**DATA EXTRACT**:
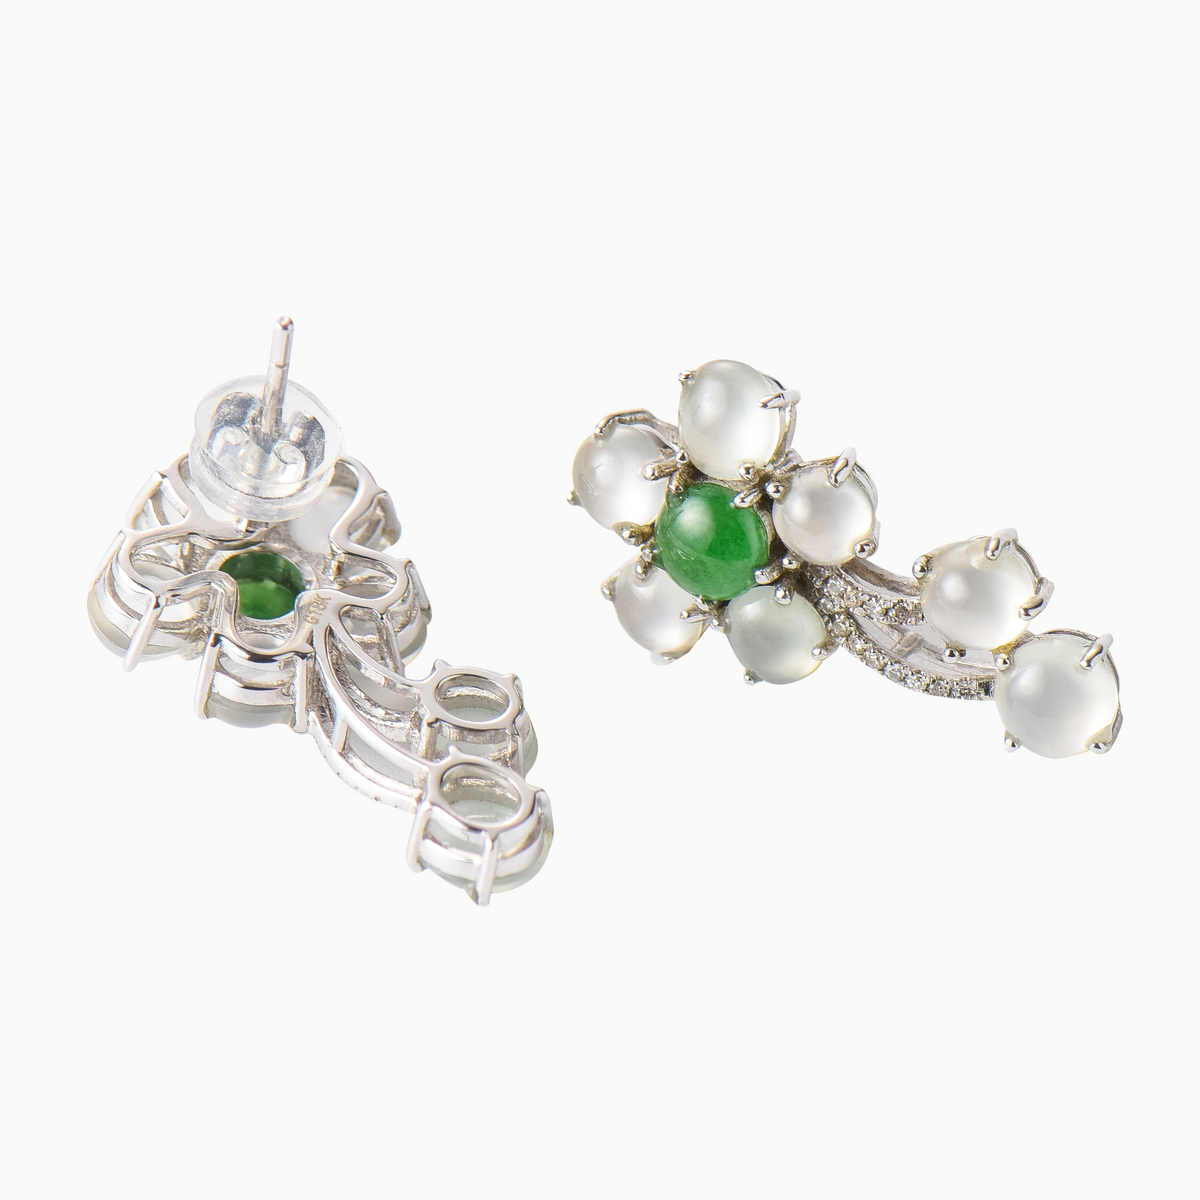 Blossoms: White Jadeite Earrings with Green Jadeite and Diamonds
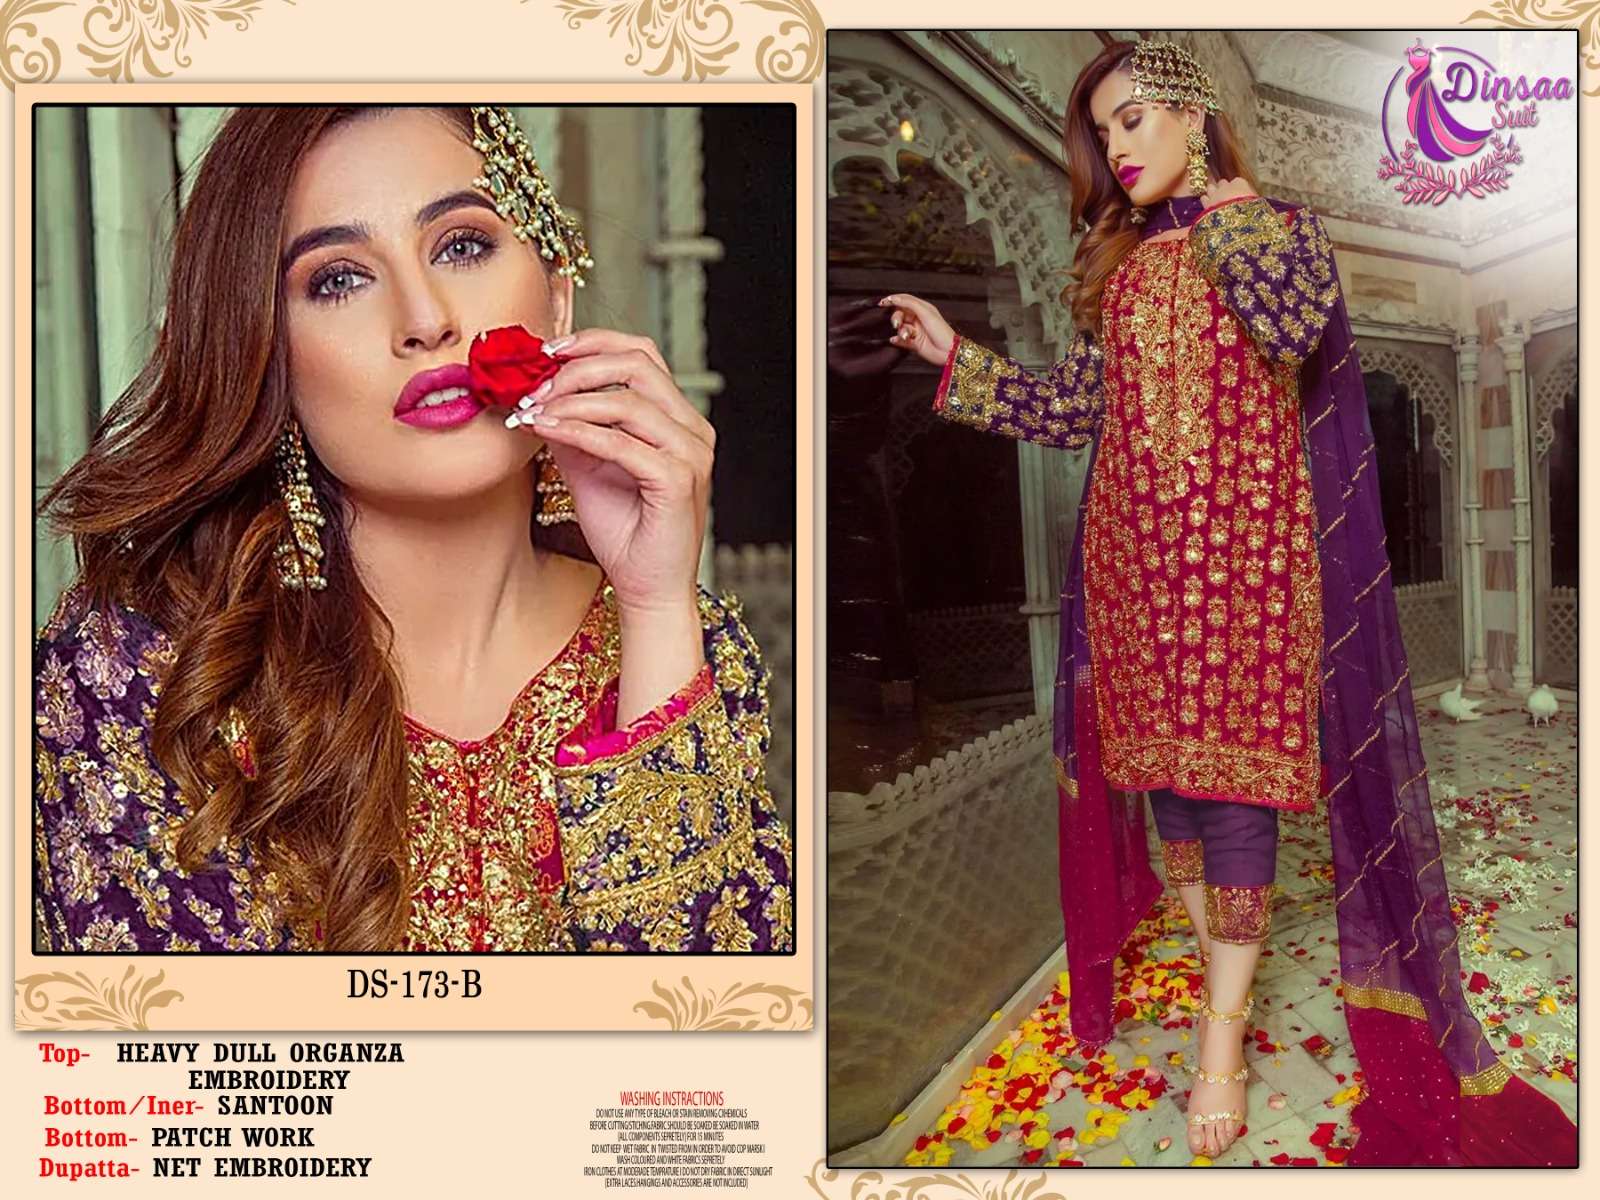 DINSAA SUITS PRESENTS 173 COLOURS ORGANZA HEAVY EMBROIDERY WHOLESALE PAKISTANI SUITS
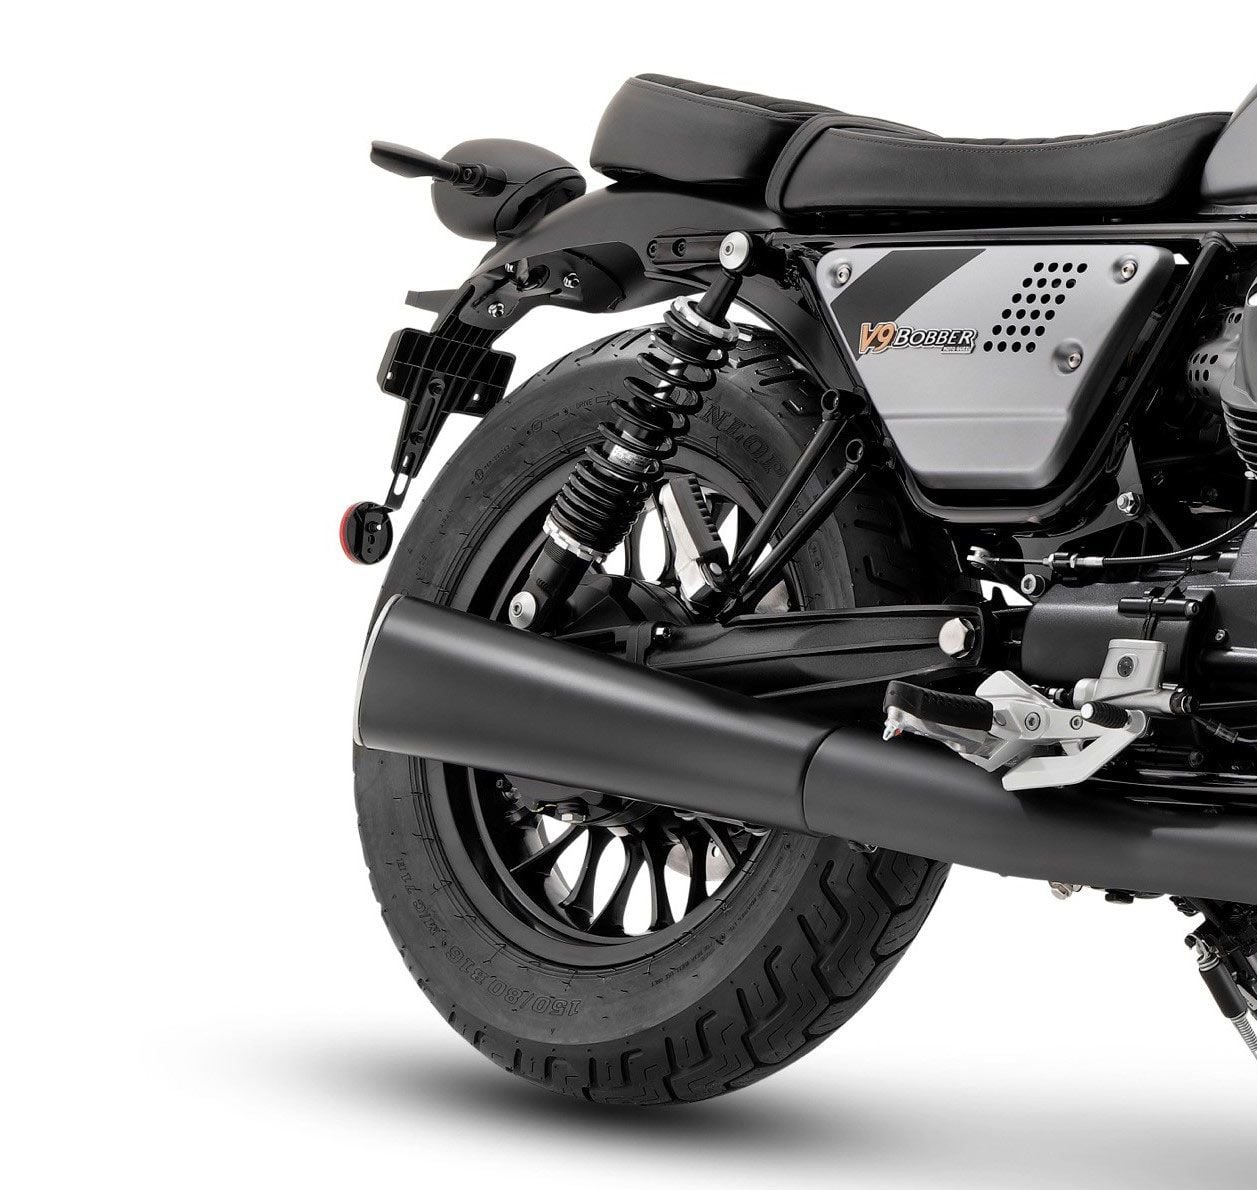 The V9 Bobber Special Edition also features a new street-legal slip-on muffler, painted black.
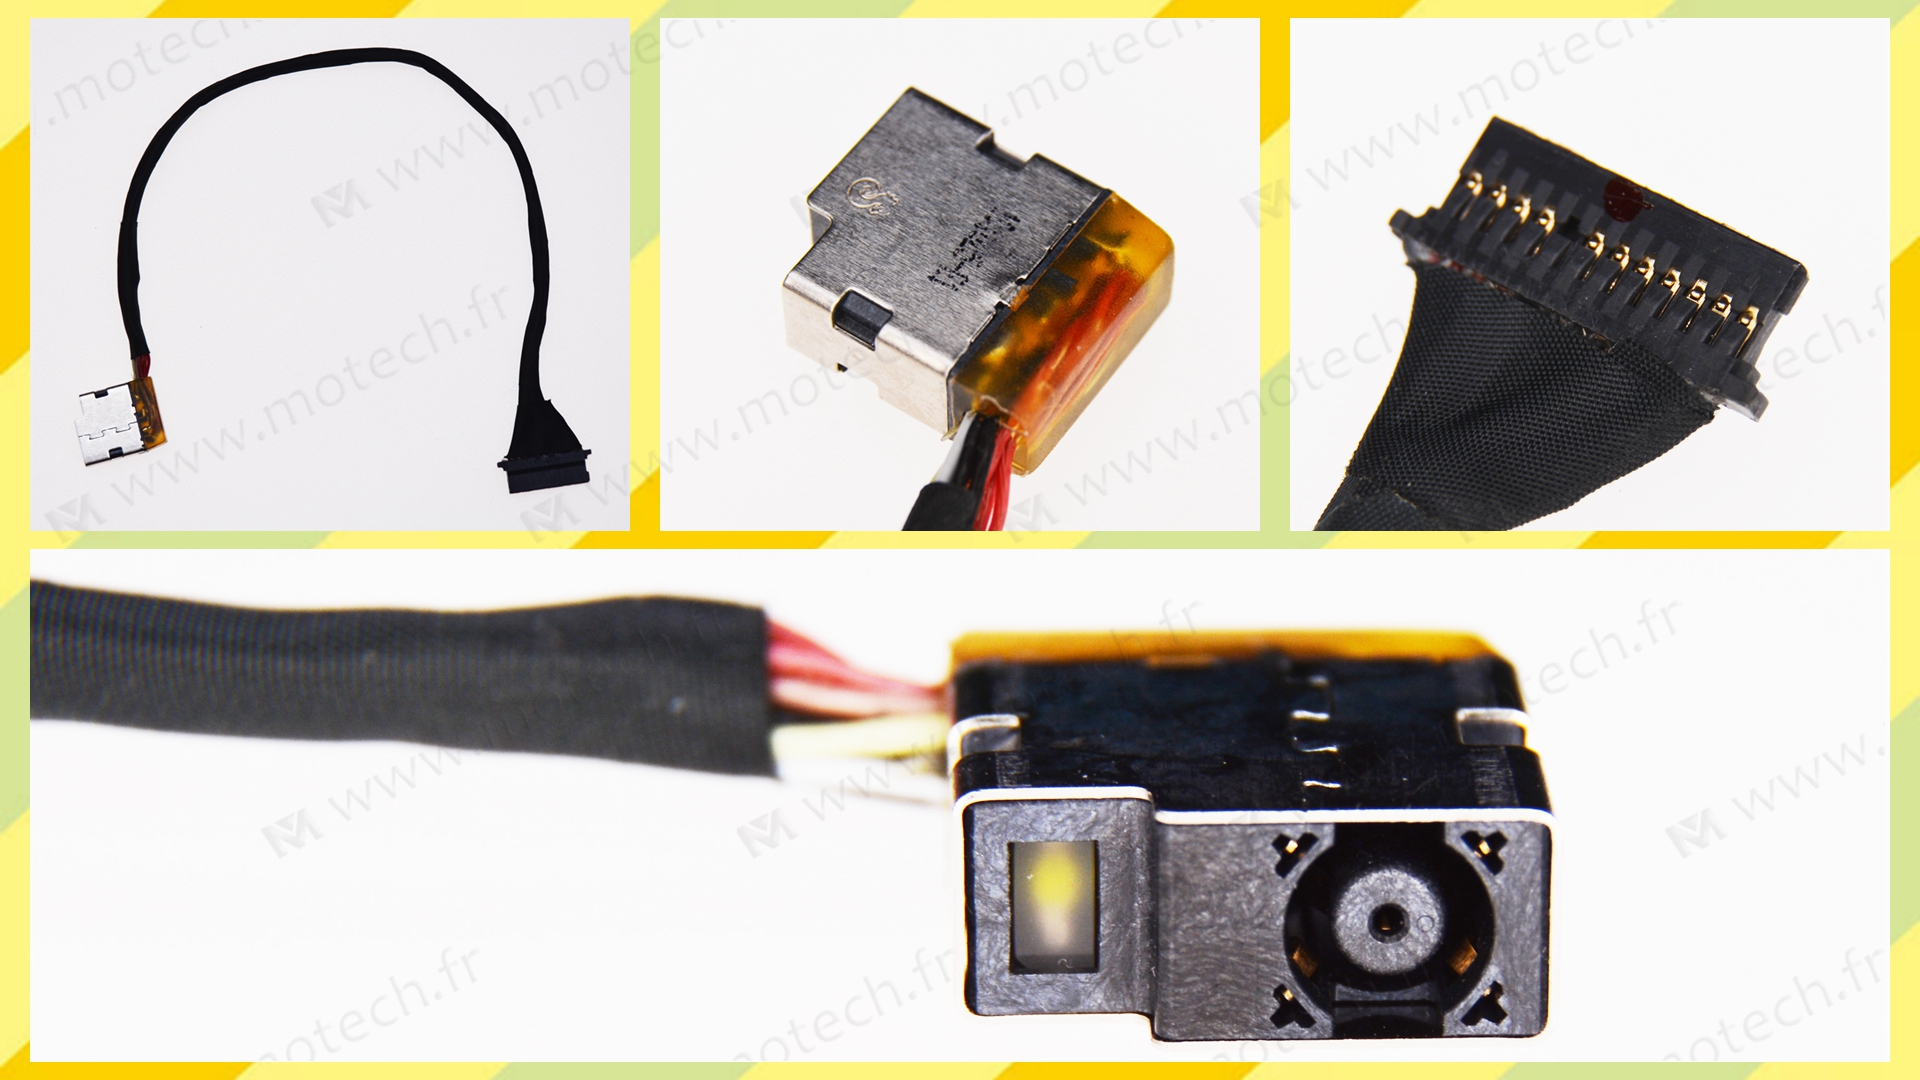 HP 17-an009nf charging connector, HP 17-an009nf DC Power Jack, HP 17-an009nf DC IN Cable, HP 17-an009nf Power Jack, HP 17-an009nf plug, HP 17-an009nf Jack socket, HP 17-an009nf connecteur de charge,

**EXERCISE BRIEF**:
Output the material word for word. Pictures do not go in.

**SOLUTION TO THIS EXERCISE**:
 Blossoms: White Jadeite Earrings with Green Jadeite and Diamonds
 DINSAA SUITS PRESENTS 173 COLOURS ORGANZA HEAVY EMBROIDERY WHOLESALE PAKISTANI SUITS
 The V9 Bobber Special Edition also features a new street-legal slip-on muffler, painted black.
 HP 17-an009nf charging connector, HP 17-an009nf DC Power Jack, HP 17-an009nf DC IN Cable, HP 17-an009nf Power Jack, HP 17-an009nf plug, HP 17-an009nf Jack socket, HP 17-an009nf connecteur de charge,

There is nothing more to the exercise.